On January 20, 2009, Barack Obama became the 43rd man to hold the office of President of the United States. The last two-and-a-quarter centuries have seen a wide array of vastly different presidents with vastly different legacies. Here's a little trivia about who has occupied the Oval Office and how they came and went.
At a certain age
When William McKinley was assassinated in 1901, Vice President Theodore Roosevelt took the oath of office just 43 days shy of his 43rd birthday, making him the youngest person to hold the office.

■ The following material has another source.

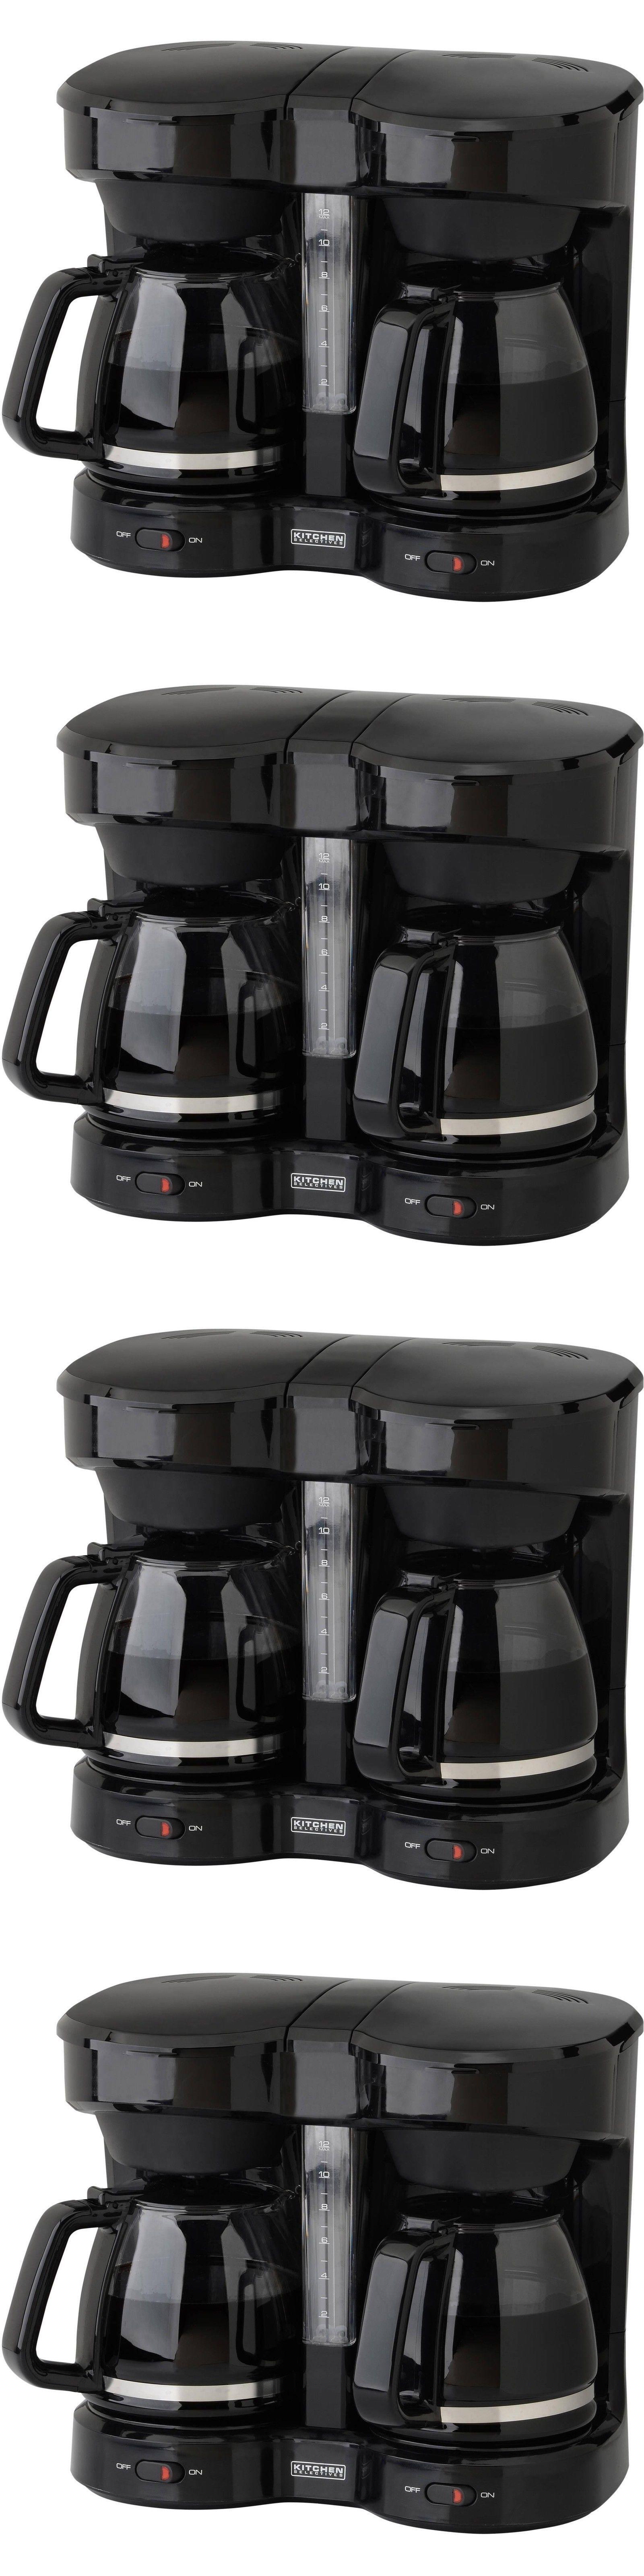 Small Kitchen Appliances Kitchen Selectives Dual Coffee Maker Black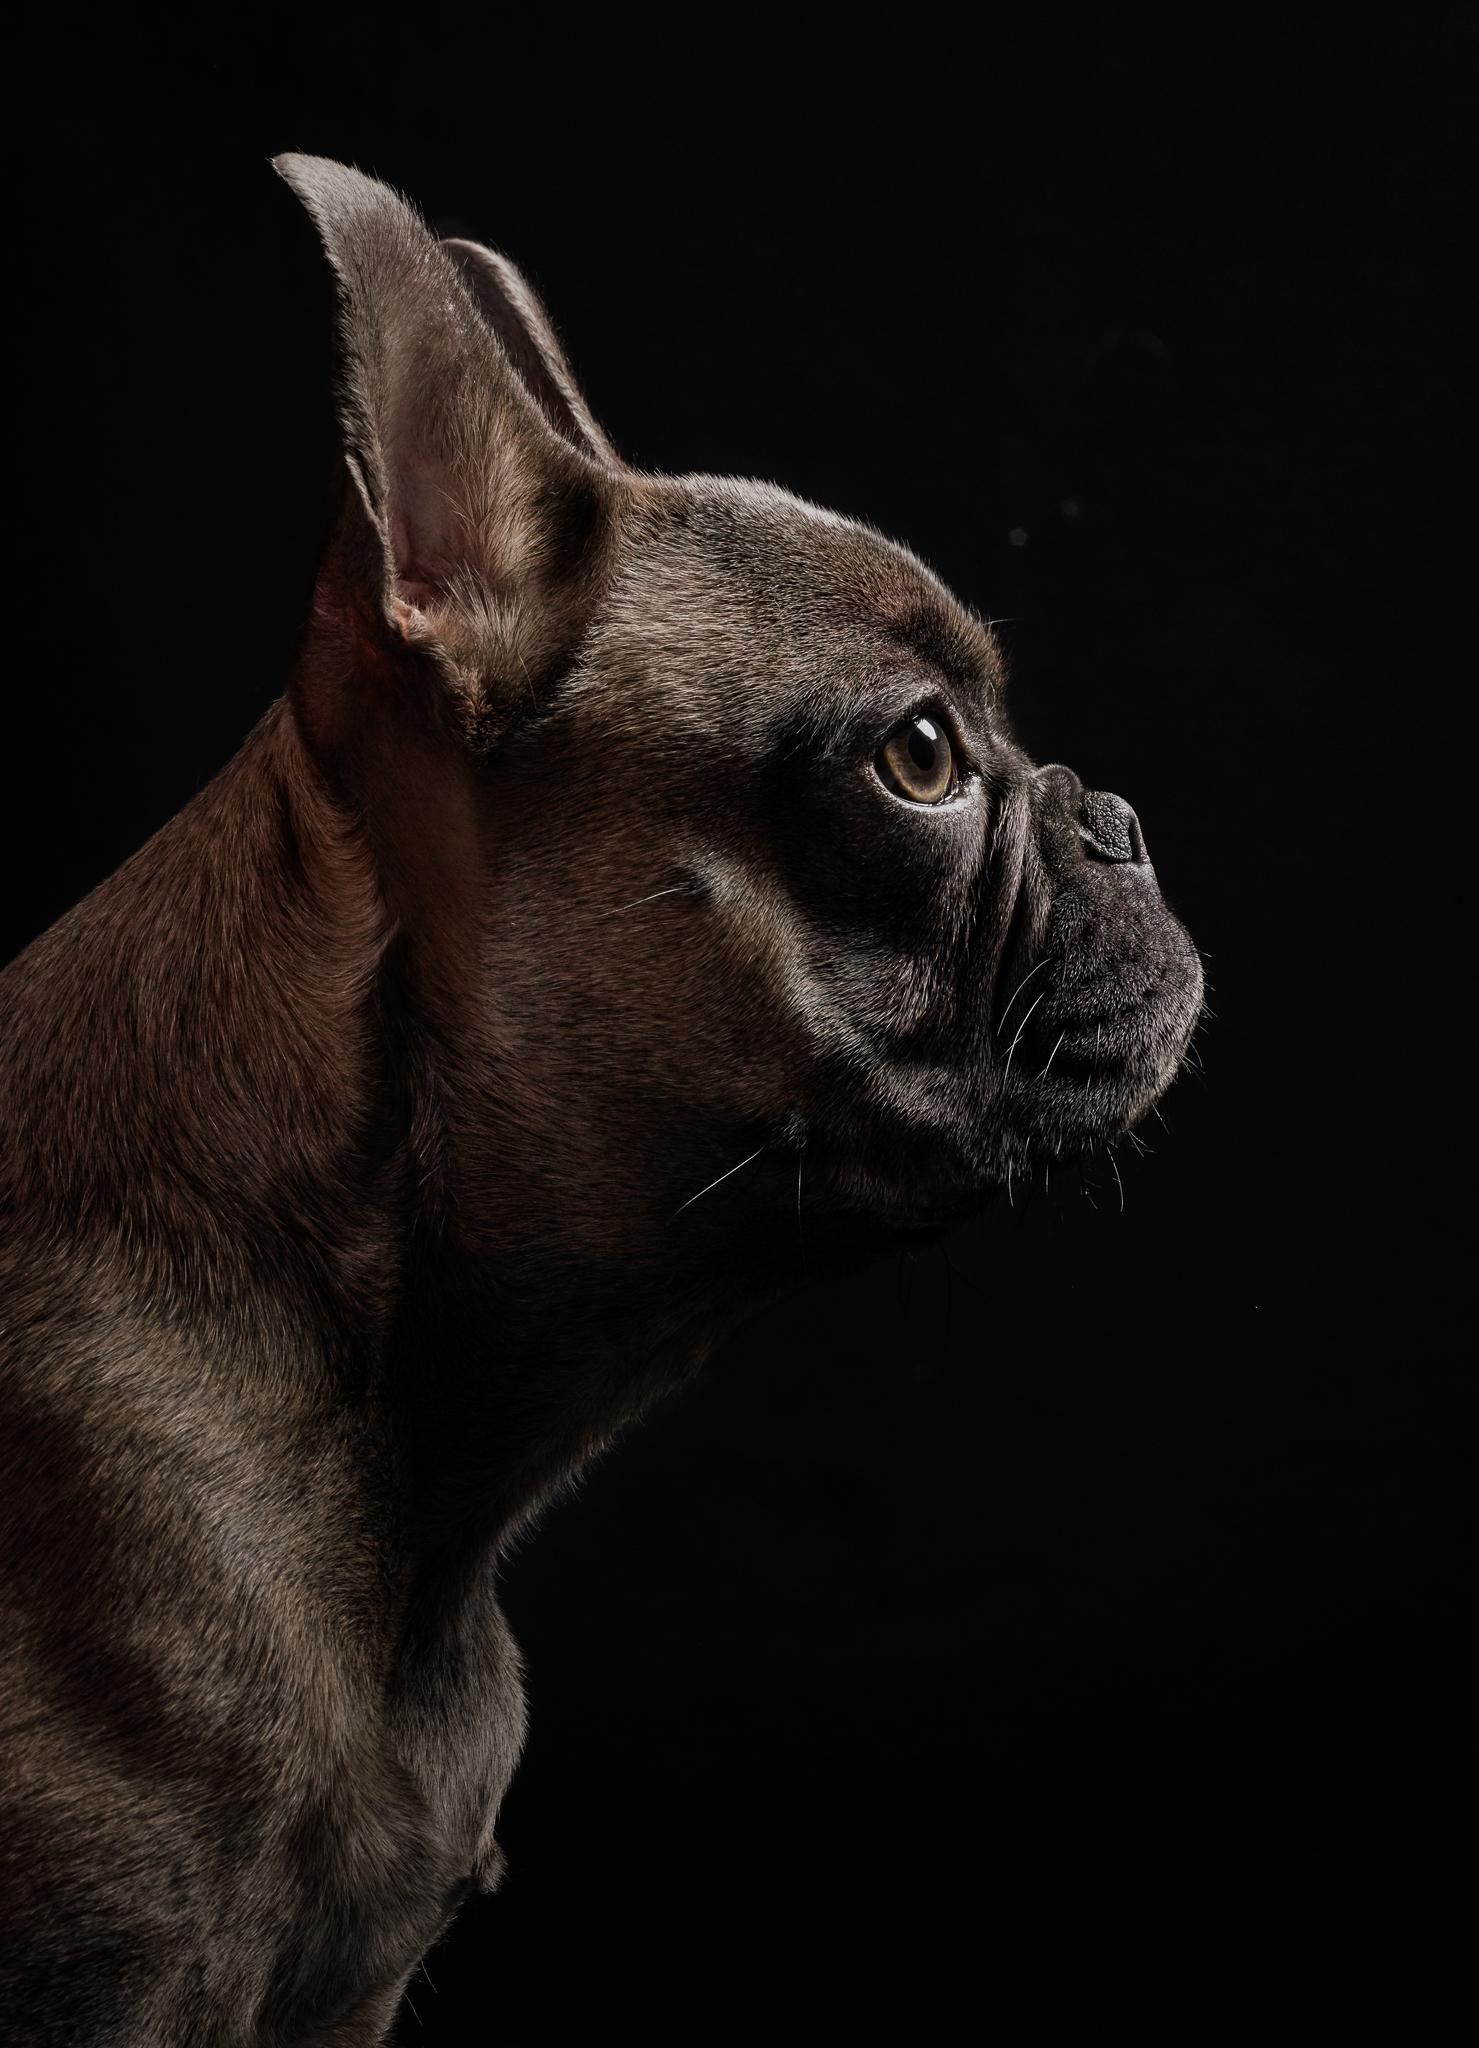 dog-photography-klaus-dyba-7.jpg

When President Ronald Reagan stepped down from the presidency on January 20, 1989, he was only 17 days away from his 78th birthday, making him the oldest president to date.
Eight presidents have died while in office:
- For a long time, it was commonly believed that William Henry Harrison caught pneumonia and died because he delivered a two-hour inauguration speech in the cold rain on March 4, 1841. In fact, the president didn't show signs of illness until more than three weeks after the inauguration, making a connection between the two unlikely. Nonetheless, Harrison died from pneumonia and pleurisy exactly one month after taking office, making his the shortest presidential term to date.
- On July 9, 1850, 16 months into his presidential term, President Zachary Taylor died from acute gastroenteritis, a disease of the stomach and small intestine.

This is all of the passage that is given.